Sweep studies and comparison grids¶
Layer: multi-run orchestration
Entry points: SweepMatrixSpec, make_default_sweep_spec, run_sweep, render_sweep_markdown
Why this API exists
Researchers often compare several model/dataset combinations at once. The sweep layer exists so those comparisons are explicit, machine-readable, and robust to partial adapter failures.
When to use it
Use this layer when you are comparing multiple models, datasets, or backends in a single benchmark run.
What it returns
- Per-cell results with success/error status.
- Comparison tables and study-level summaries.
Works well in: benchmarking, CI, method comparison, release validation
CLI counterparts
python -m tscfbench make-sweep-spec
python -m tscfbench run-sweep
python -m tscfbench render-sweep-report
Notes
- External-package failures are recorded as cell-level errors rather than crashing the full sweep by default.

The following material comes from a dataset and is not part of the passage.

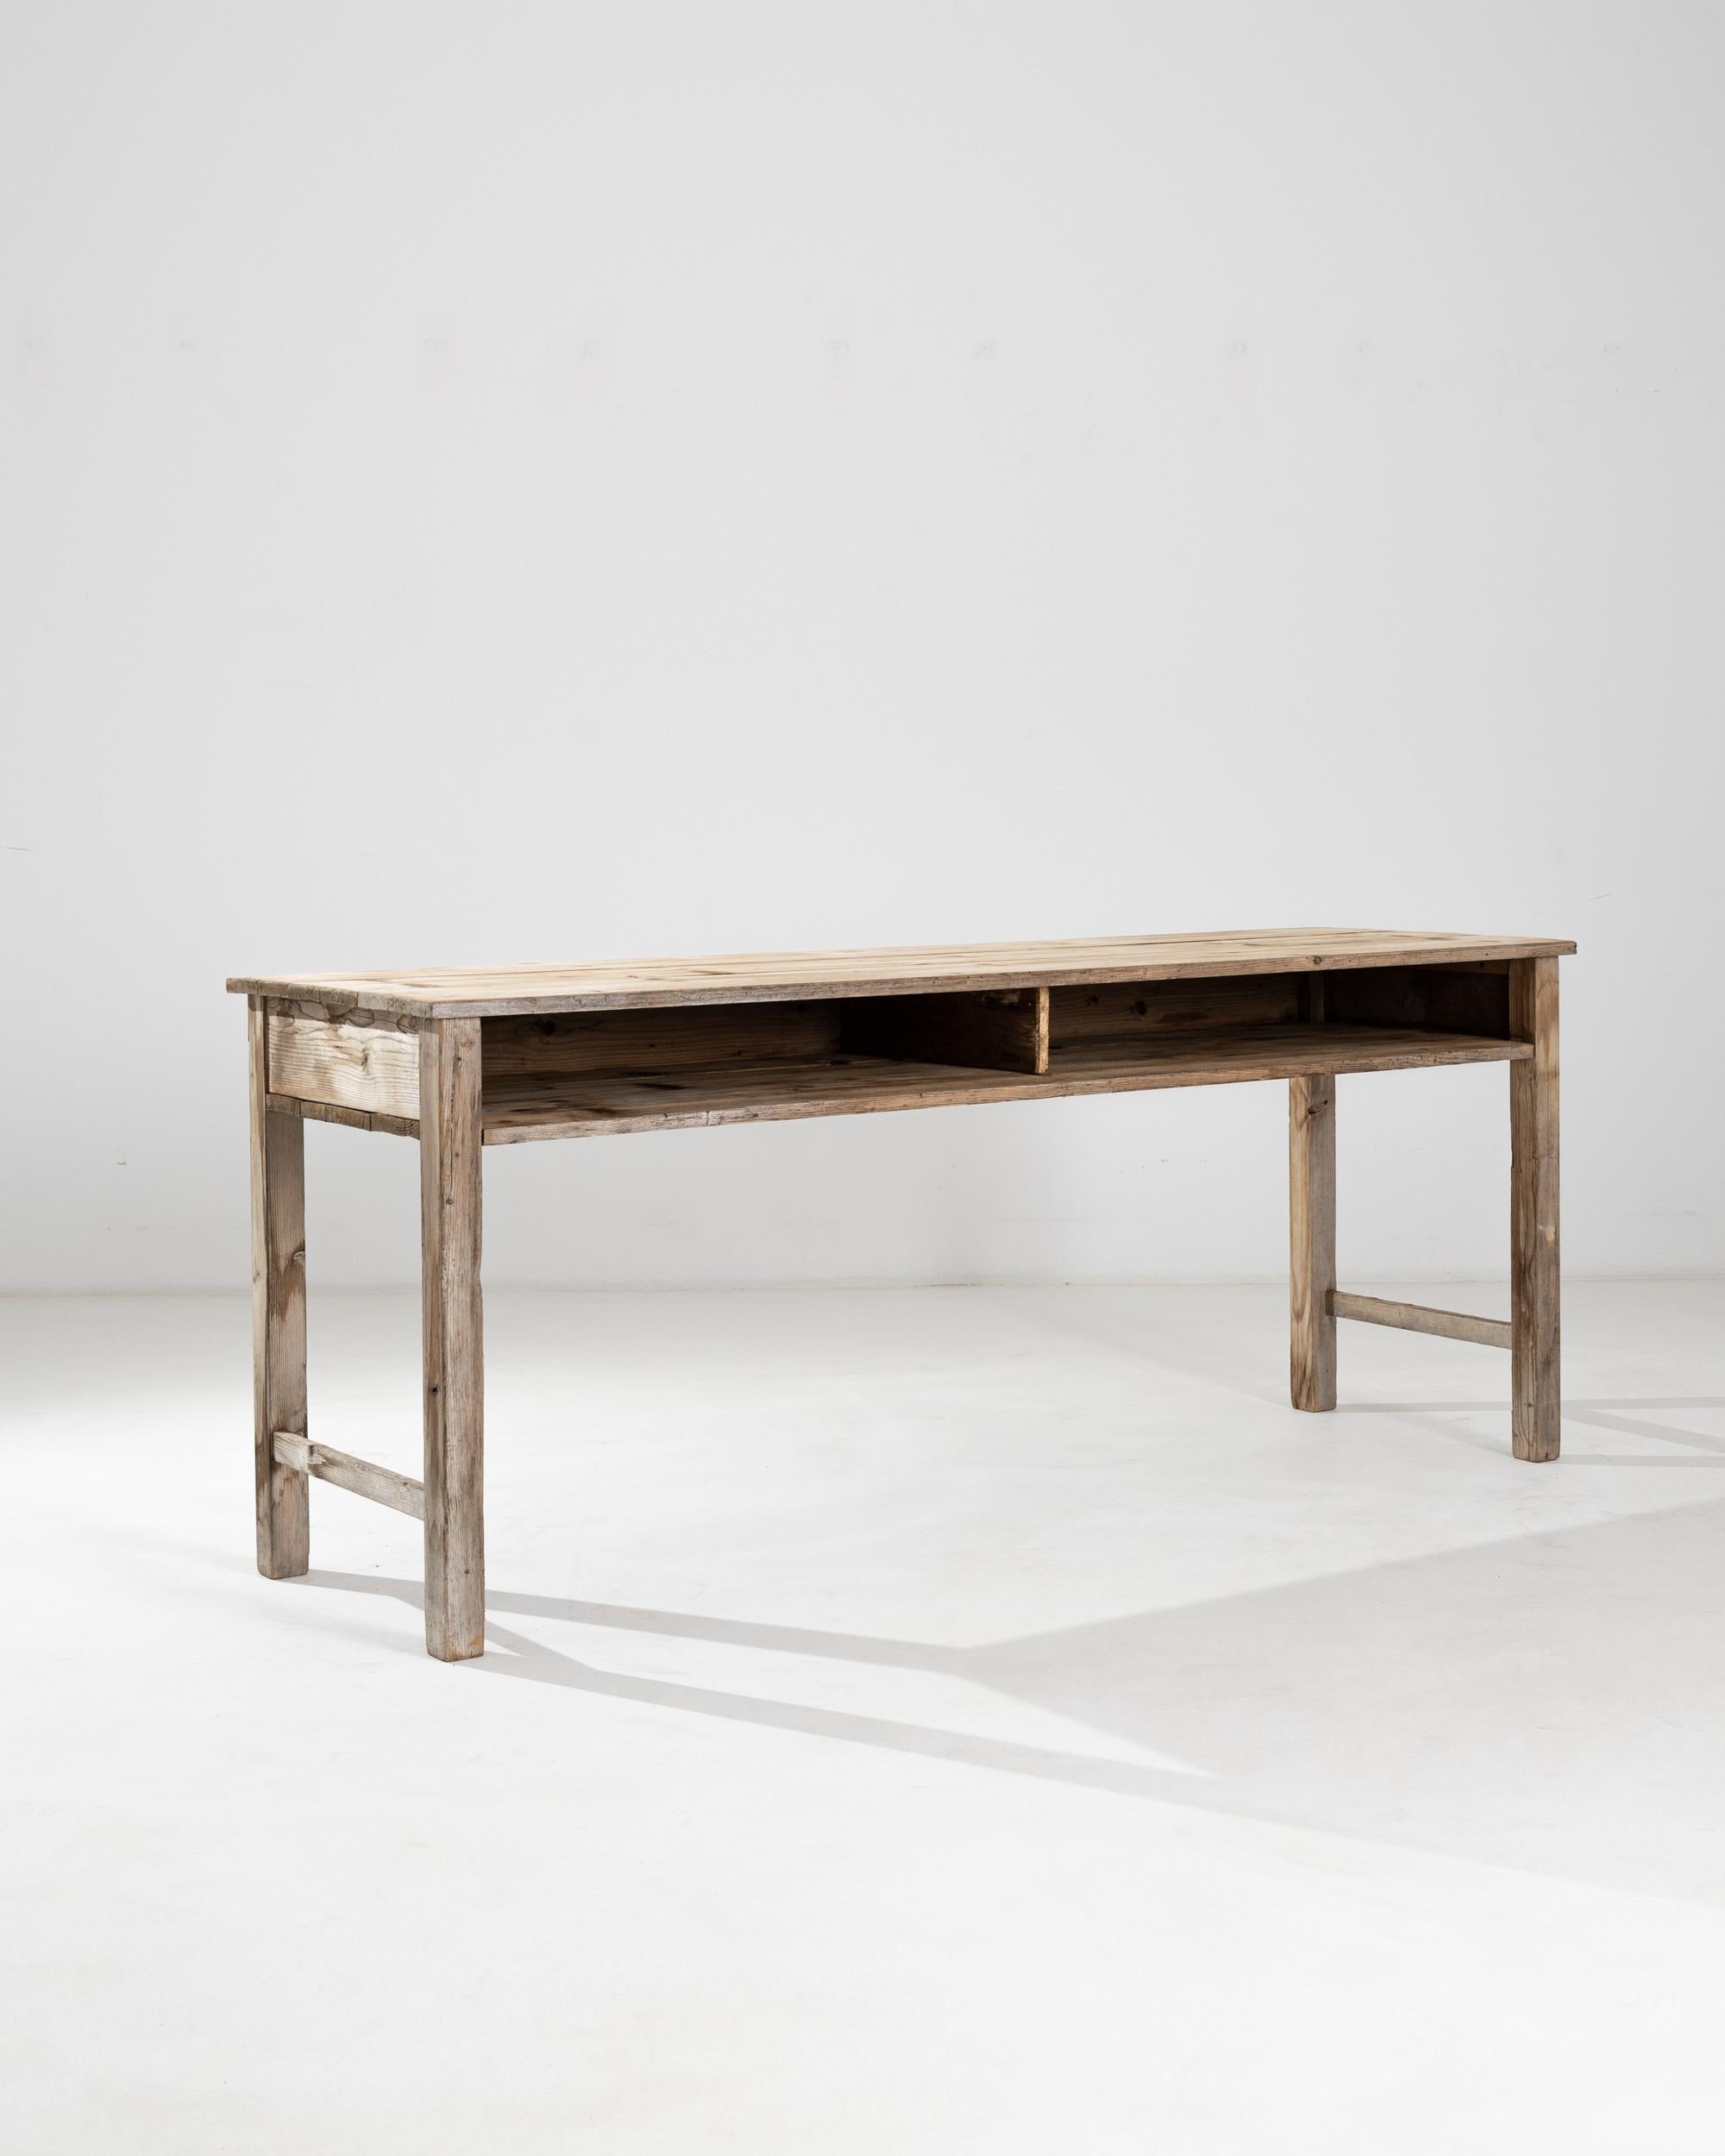 A rustic design in natural wood gives this vintage table an appealing simplicity. Made in Central Europe at the turn of the century, the form indicates that this piece was one used as a shop counter or teacher’s table —two deep niches underneath the

Agent-native workflow layer¶
Layer: automation
Entry points: AgentResearchTaskSpec, build_panel_agent_bundle, build_context_plan, export_openai_function_tools, TSCFBenchMCPServer
Why this API exists
Agent workflows need smaller, more structured artifacts than notebook-centric research code. This layer exists to turn benchmark runs into token-bounded specs, manifests, digests, and tool surfaces.
When to use it
Use this layer when a coding agent or tool-calling runtime participates in your research workflow.
What it returns
- Compact JSON specs and bundles.
- Repo maps, context plans, and manifest-based artifact access.
- Function-tool and MCP surfaces so the package can explain itself to agents.
Works well in: Cursor/Codex/ChatGPT, tool-calling backends, CI automation, multi-step research assistants
CLI counterparts
python -m tscfbench make-agent-spec
python -m tscfbench build-agent-bundle
python -m tscfbench plan-context
python -m tscfbench export-openai-tools
python -m tscfbench mcp-server
Notes
- This layer matters when you want lower token usage, smaller context windows, and resumable research tasks.
Reports, teaching surfaces, and project communication¶
Layer: dissemination
Entry points: render_panel_markdown, render_sweep_markdown, render_canonical_markdown
Why this API exists
A benchmark package spreads only if the outputs are understandable outside the codebase. This layer exists so results can become readable artifacts for papers, tutorials, internal memos, and classrooms.
When to use it
Use this layer whenever you need a human-readable output rather than raw Python objects.
What it returns
- Markdown reports that summarize configuration, metrics, and comparison tables.
- A cleaner handoff from computation to writing or teaching.
Works well in: paper writing, teaching, project website, release notes
CLI counterparts
python -m tscfbench render-panel-report
python -m tscfbench render-sweep-report
python -m tscfbench render-canonical-report
Notes
- These renderers are intentionally simple so they are easy to diff and easy to post-process.